◆ **Exercise instructions**:
Verbatim copy, pictures excluded: every line from the one with "#wellness #sandiego #sandiegotherapist" through the final line of the data below, and no other line.

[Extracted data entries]
————————
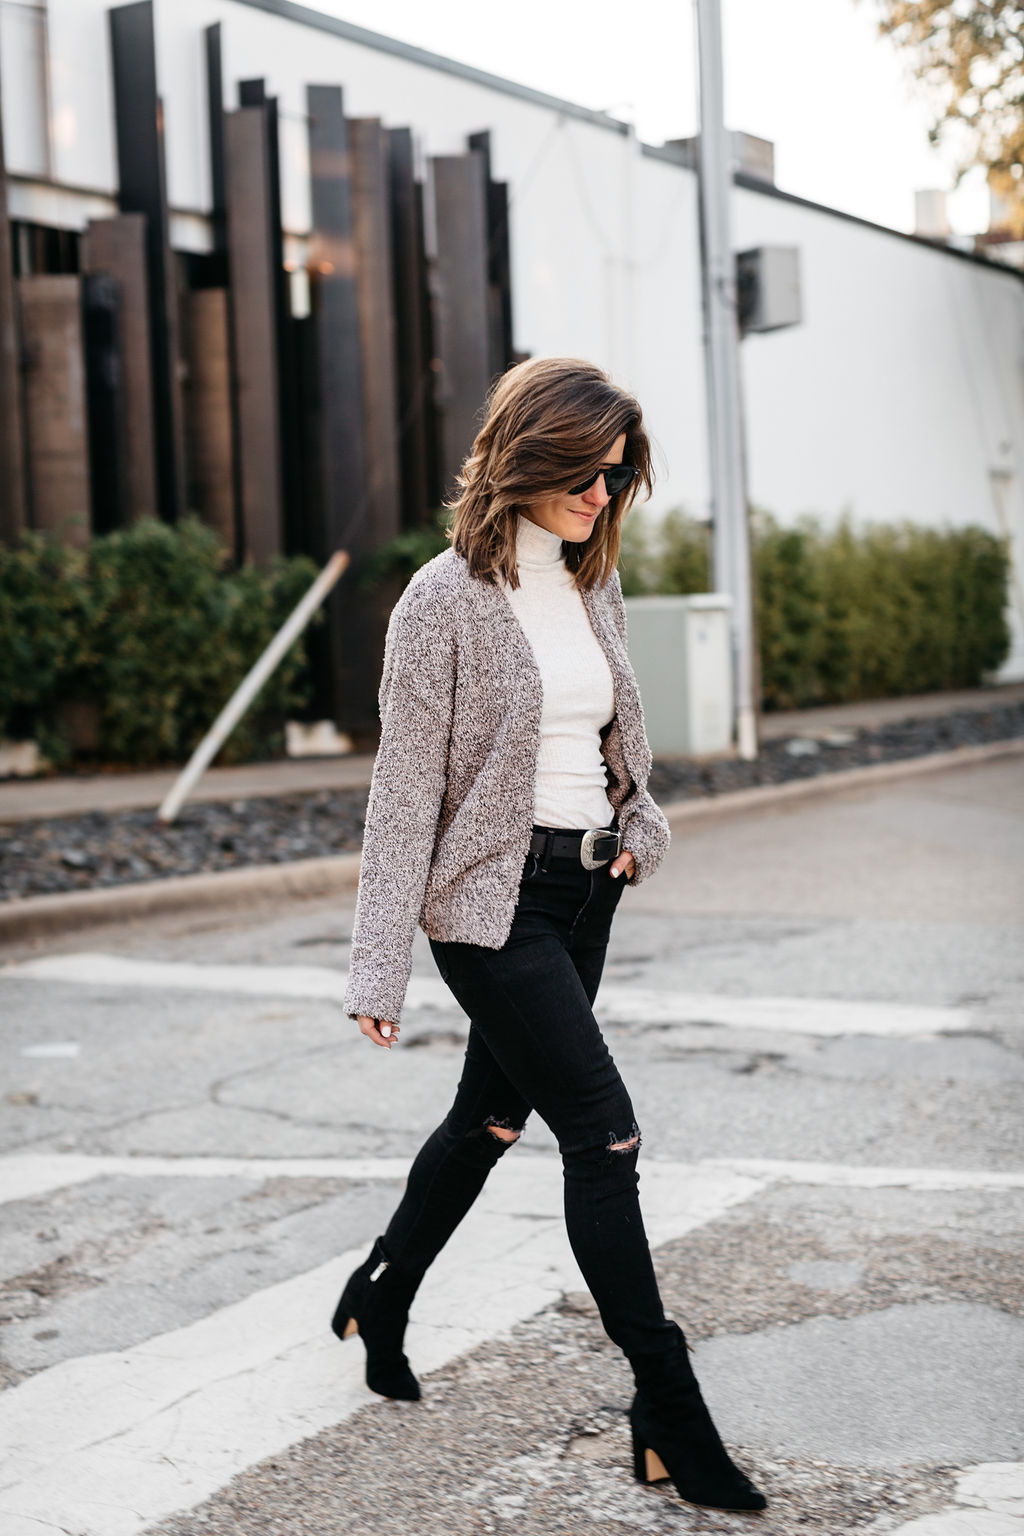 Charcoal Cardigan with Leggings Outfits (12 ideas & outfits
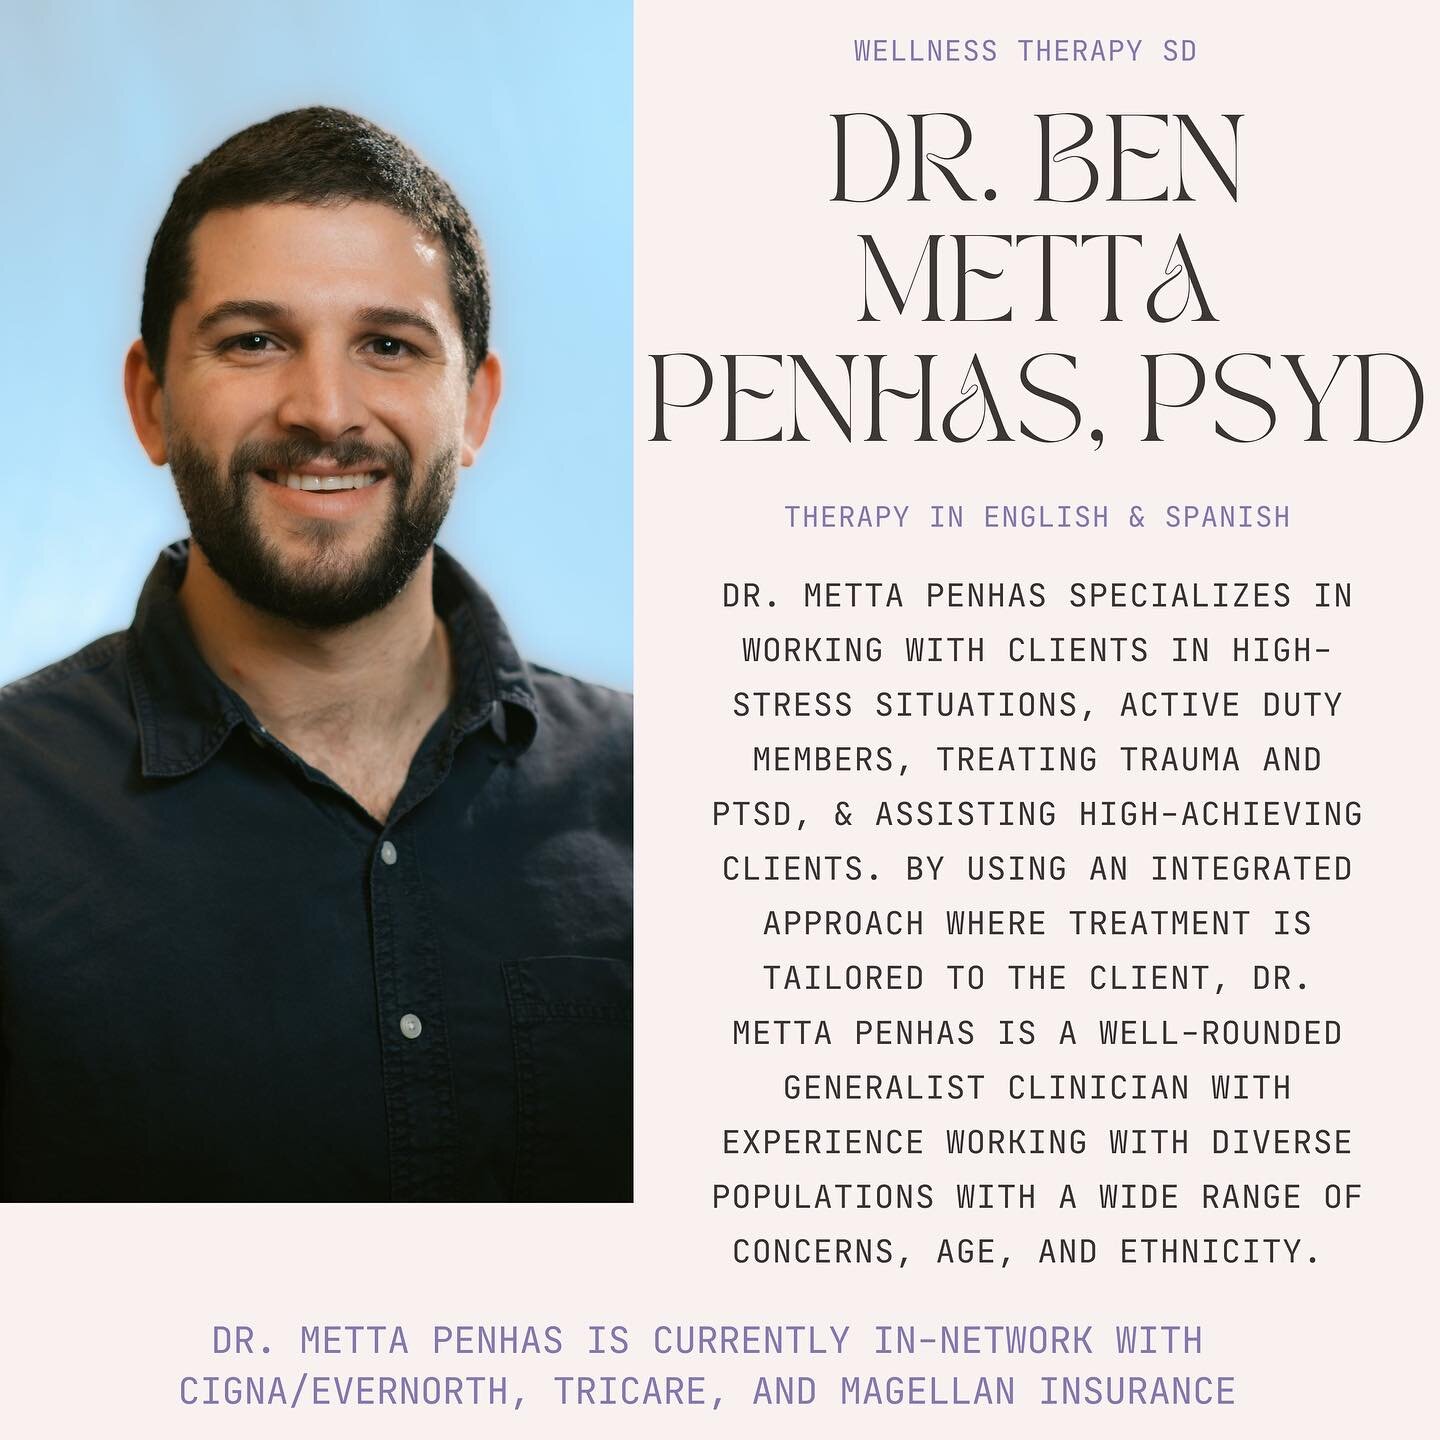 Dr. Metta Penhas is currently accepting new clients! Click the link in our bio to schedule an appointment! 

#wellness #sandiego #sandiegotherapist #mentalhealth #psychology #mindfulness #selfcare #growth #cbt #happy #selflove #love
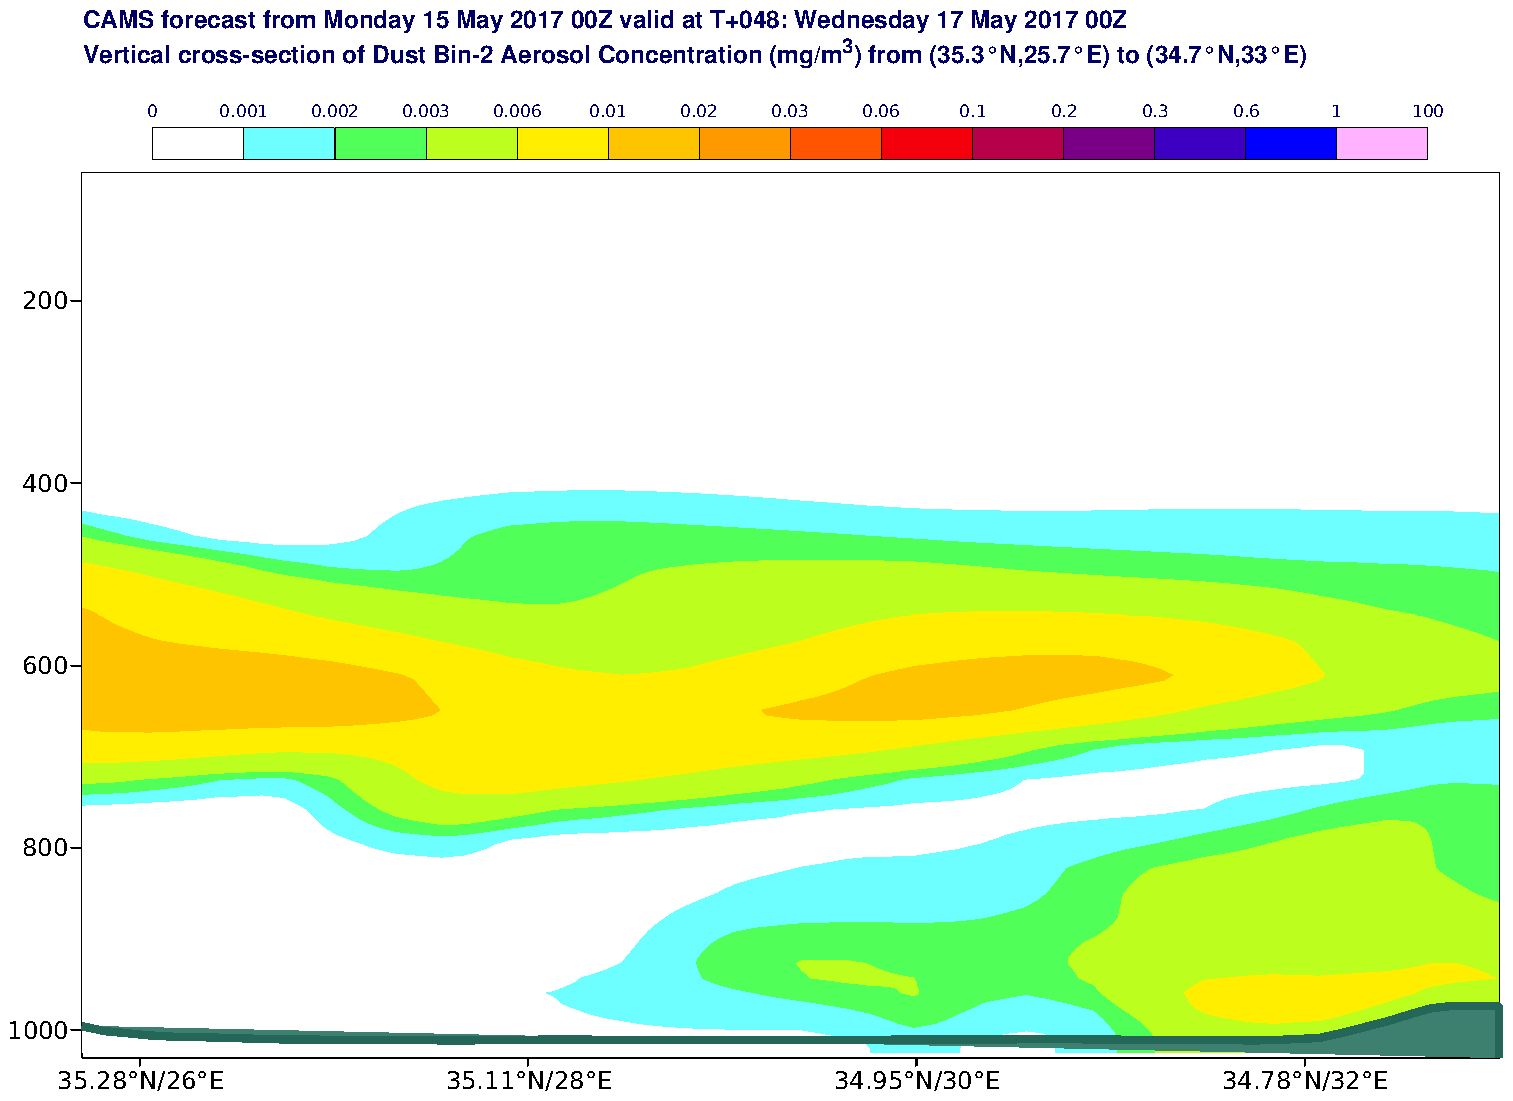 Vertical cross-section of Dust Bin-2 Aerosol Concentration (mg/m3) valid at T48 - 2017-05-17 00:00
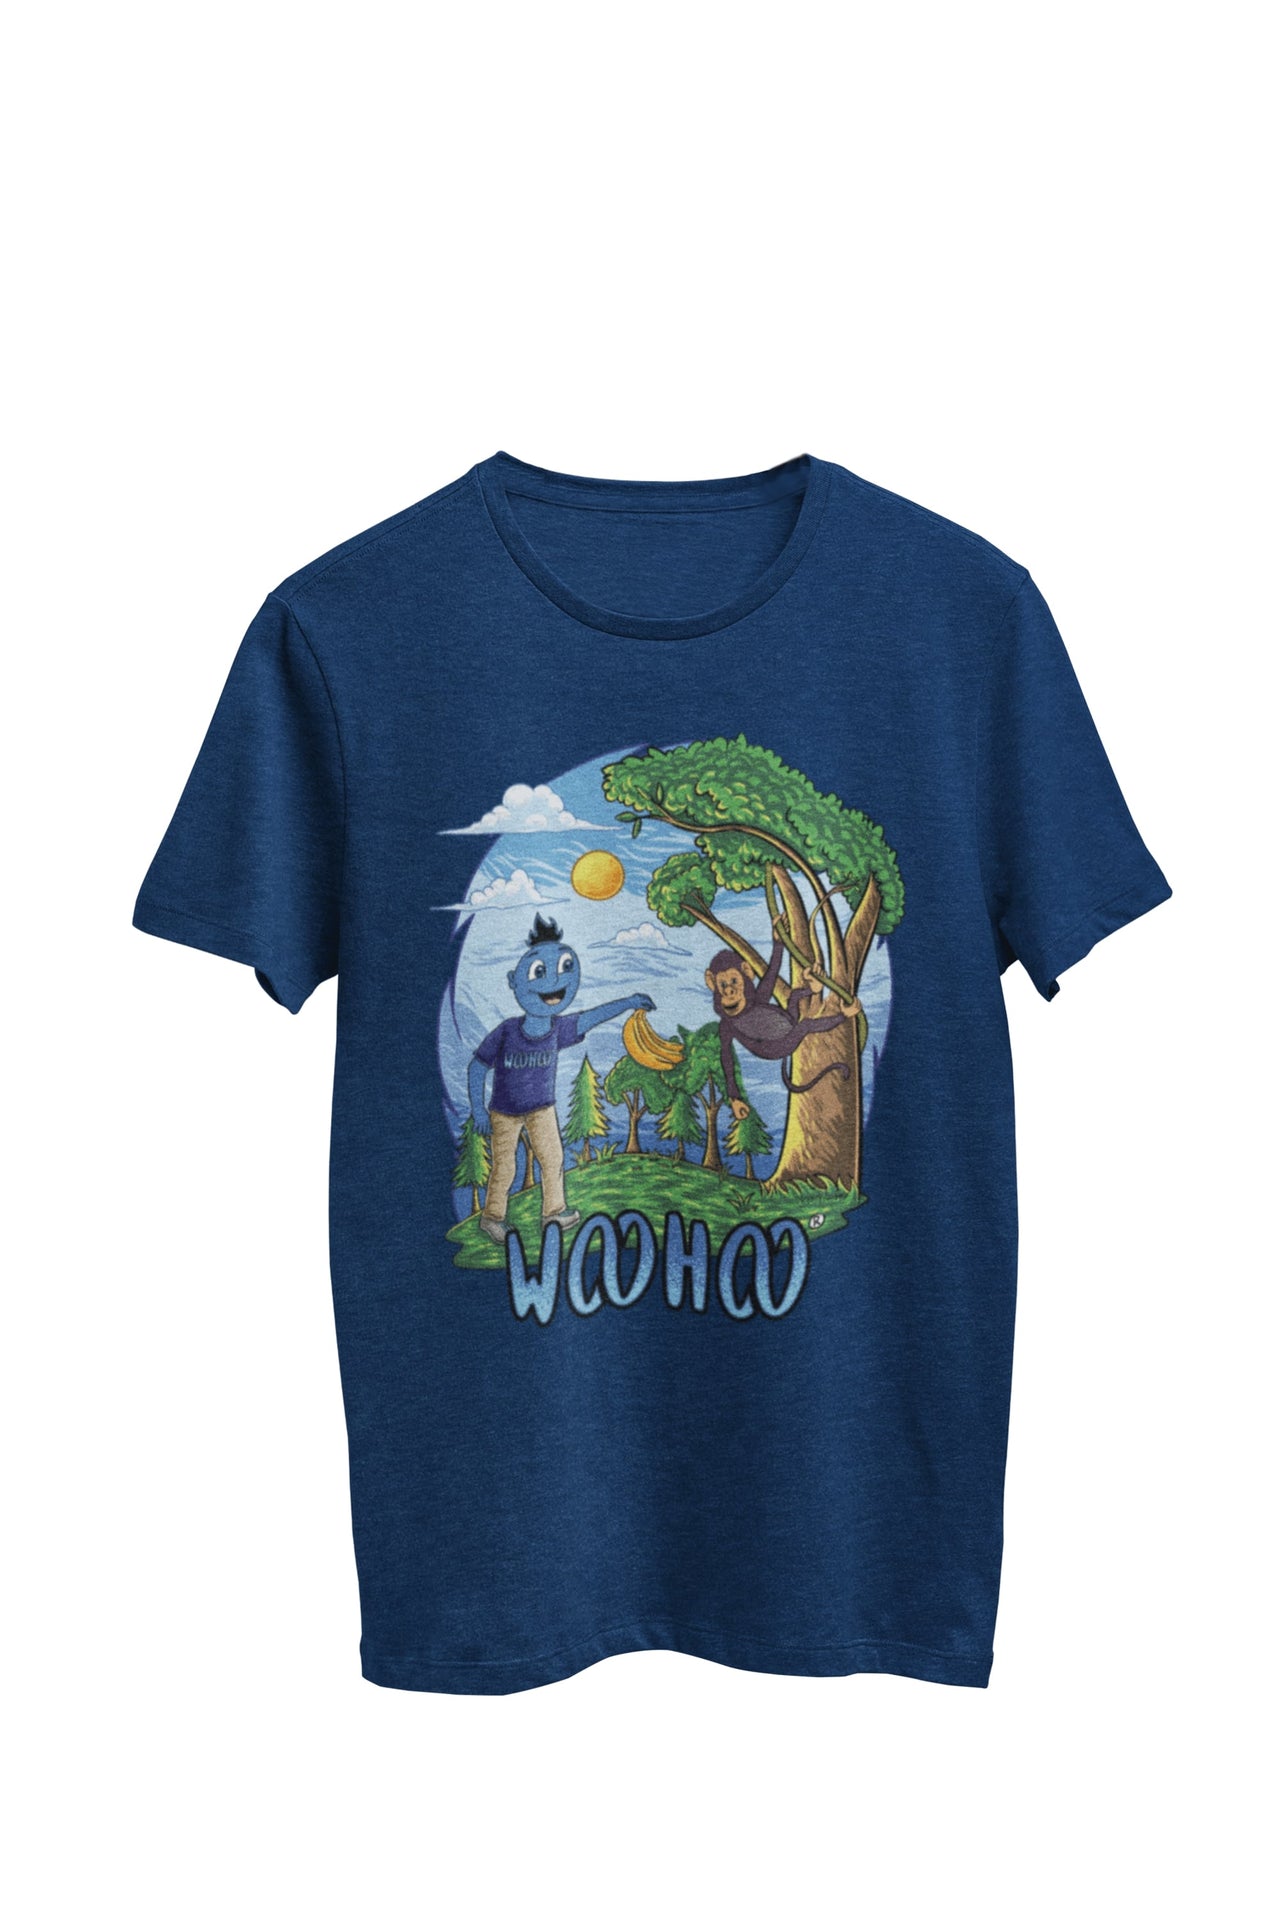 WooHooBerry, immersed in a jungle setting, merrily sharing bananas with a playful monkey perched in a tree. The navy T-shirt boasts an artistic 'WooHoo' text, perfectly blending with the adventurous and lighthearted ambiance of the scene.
————————
◆ **Task output**:
#wellness #sandiego #sandiegotherapist #mentalhealth #psychology #mindfulness #selfcare #growth #cbt #happy #selflove #love
 Vertical cross-section of Dust Bin-2 Aerosol Concentration (mg/m3) valid at T48 - 2017-05-17 00:00
 WooHooBerry, immersed in a jungle setting, merrily sharing bananas with a playful monkey perched in a tree. The navy T-shirt boasts an artistic 'WooHoo' text, perfectly blending with the adventurous and lighthearted ambiance of the scene.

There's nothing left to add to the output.